Ingredient innovators looking for inspiration from exotic fruits may be able to cash in on an Agricultural Research Service project which is looking into ways to bring even more tropical fruits to the US.
Exotic fruits offer both a health reputation and present new taste offerings to finished products, such as juices.
Many types of tropical fruit can be classed as superfruits due to their high content of beneficial nutrients such as antioxidants.
But there can be a problem when it comes to importing some of these crops - such as mamey sapote and rambutan - to mainland US.
Based in Puerto Rico, the Agricultural Research Service's (ARS) research station has been looking at ways of supporting the tropical fruit industry. ARS has been using crop management practises to increase yield and obtain high-quality tropical fruit that can be imported safely.
ARS scientists are hopeful a fruit called mamey sapote will be the first to be exportable to continental US. This fruit (pouteria sapota) - about the size of a cantaloupe - is said to be prized by the Hispanic community in the US.
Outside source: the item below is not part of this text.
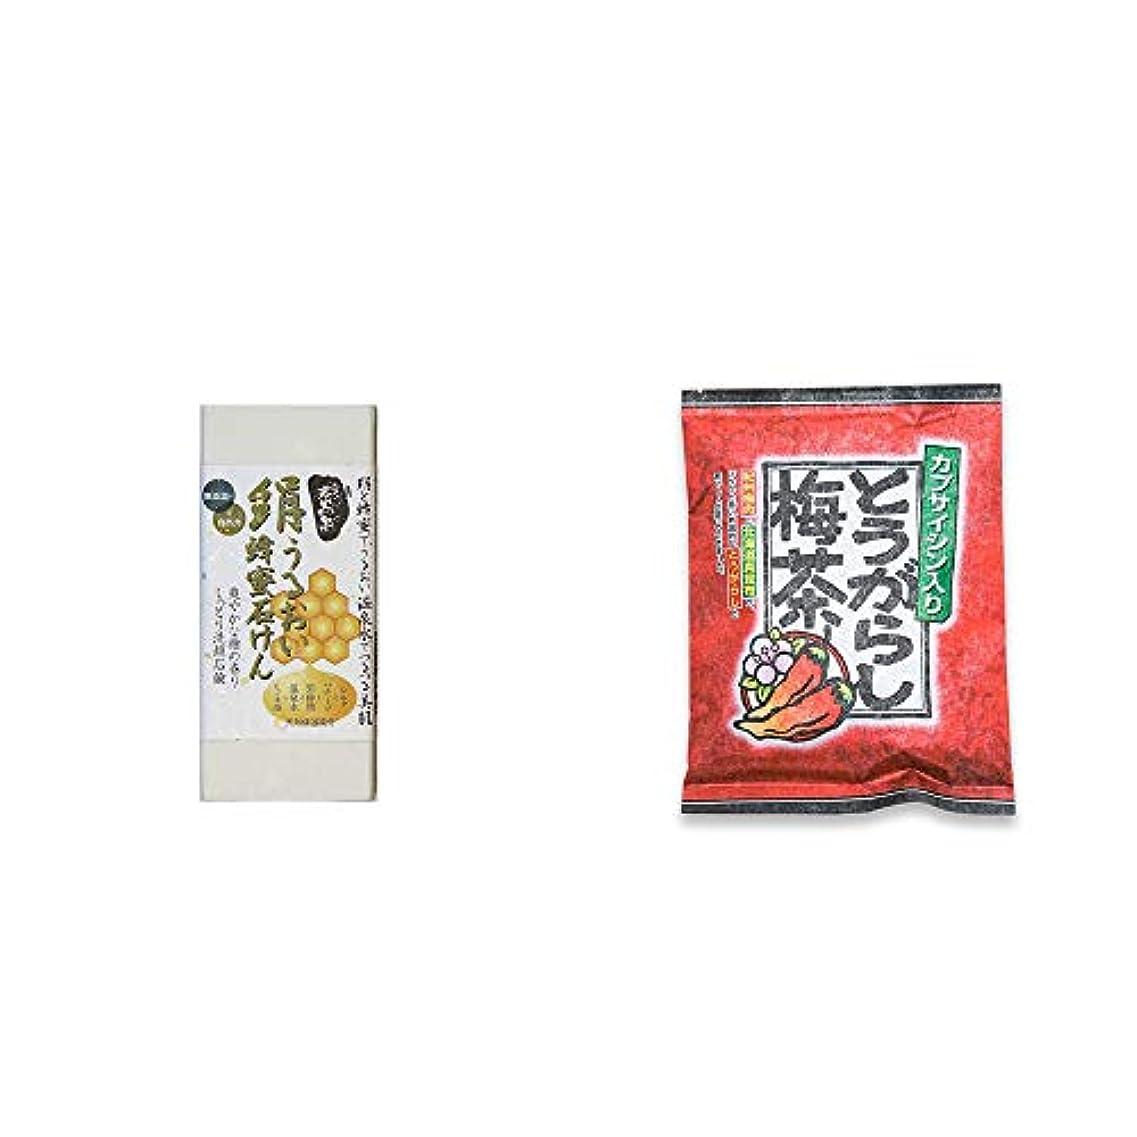 専門知識偏差パイル[2点セット] ひのき炭黒泉 絹うるおい蜂蜜石けん(75g×2)?とうがらし梅茶(24袋)
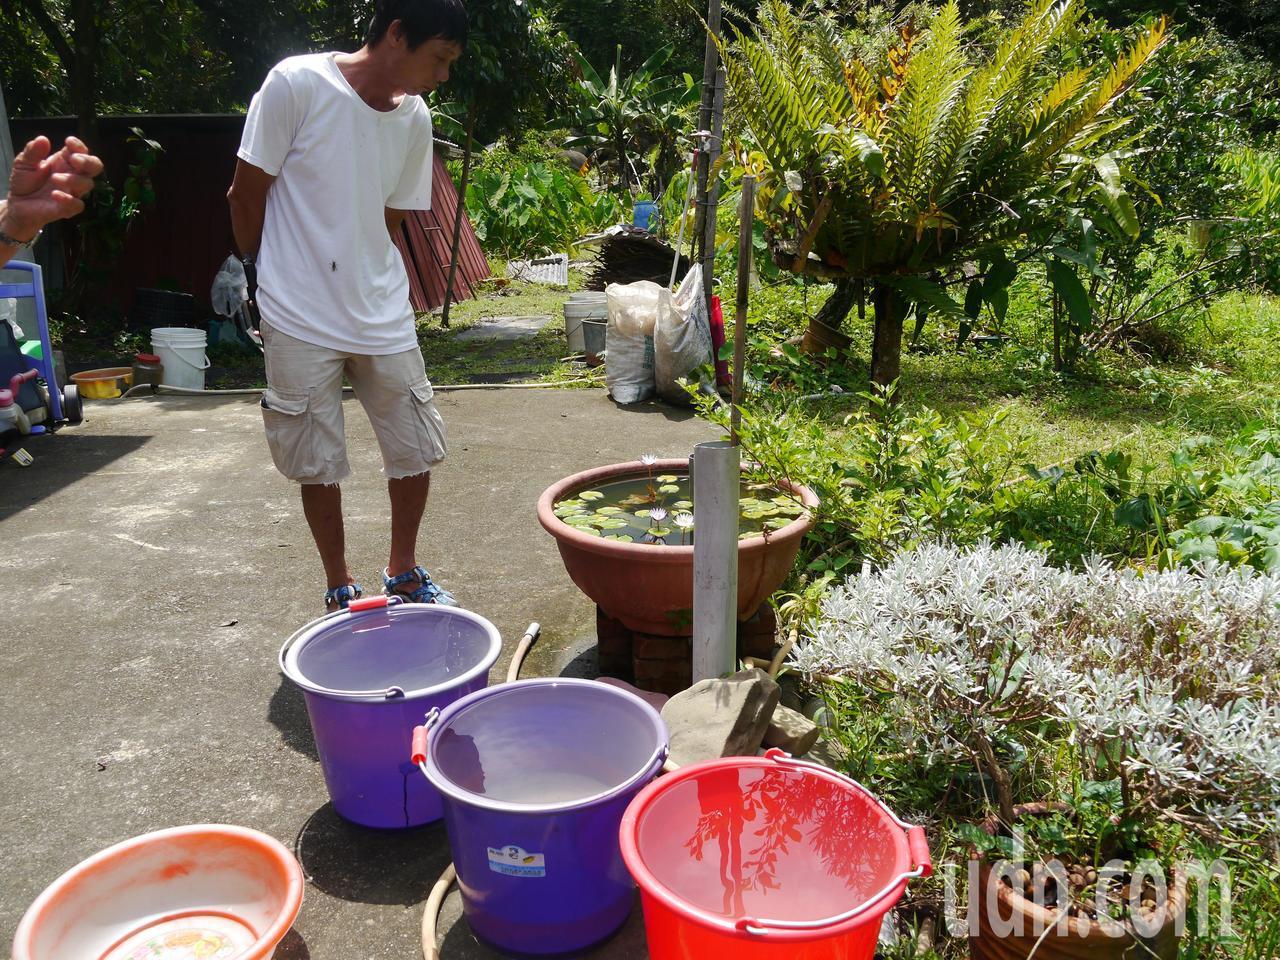 甲仙居民無自來水可用,庭院放滿收集雨水的水桶。記者徐白櫻/攝影

However, importing it to the US has been restricted through concerns it may serve as a host for the West Indian fruit fly. Scientists at ARS are close to confirming mamey sapote grown at their Puerto Rico centre are infection free.
The superfruit category has taken off in the last few years thanks to a wave of interest in health and wellness, and consumers are also open to trying exotic produce from far-flung places. Indeed, according to Datamonitor launches of products containing superfruits rose by more than 67 per cent last year compared to 2006.
Ricardo Goenaga, research leader, said: "Increases in health consciousness and ethnic diversity have greatly expanded the market for tropical fruit in the United States.
"But there are major obstacles-such as pests, diseases, drought, and acidic soils-that keep growers from capitalizing on this. For example, unless irradiated, rambutan can't be imported into the United States because of concerns that it may introduce fruit flies.
"Our goal is to identify-through selection of superior clones and development of best crop-management practices-high-yielding versions of these crops that can meet these challenges."
Companies have been busy making the most of the superfruit trend. Danisco, for example, developed a new acai berry flavor for use in dairy, ice cream, beverage and confectionery products.
Wild has also based a flavour inspiration on the South American lulo, while Treatt unveiled two flavours - Tamarind Treattarome 9860 and Rooibos Treattarome 9762 - based on African fruits.
ARS scientists are also able to look at other exotic tropical and subtropical plants, including sapodilla, Spanish lime, and species of Annona and Garcinia.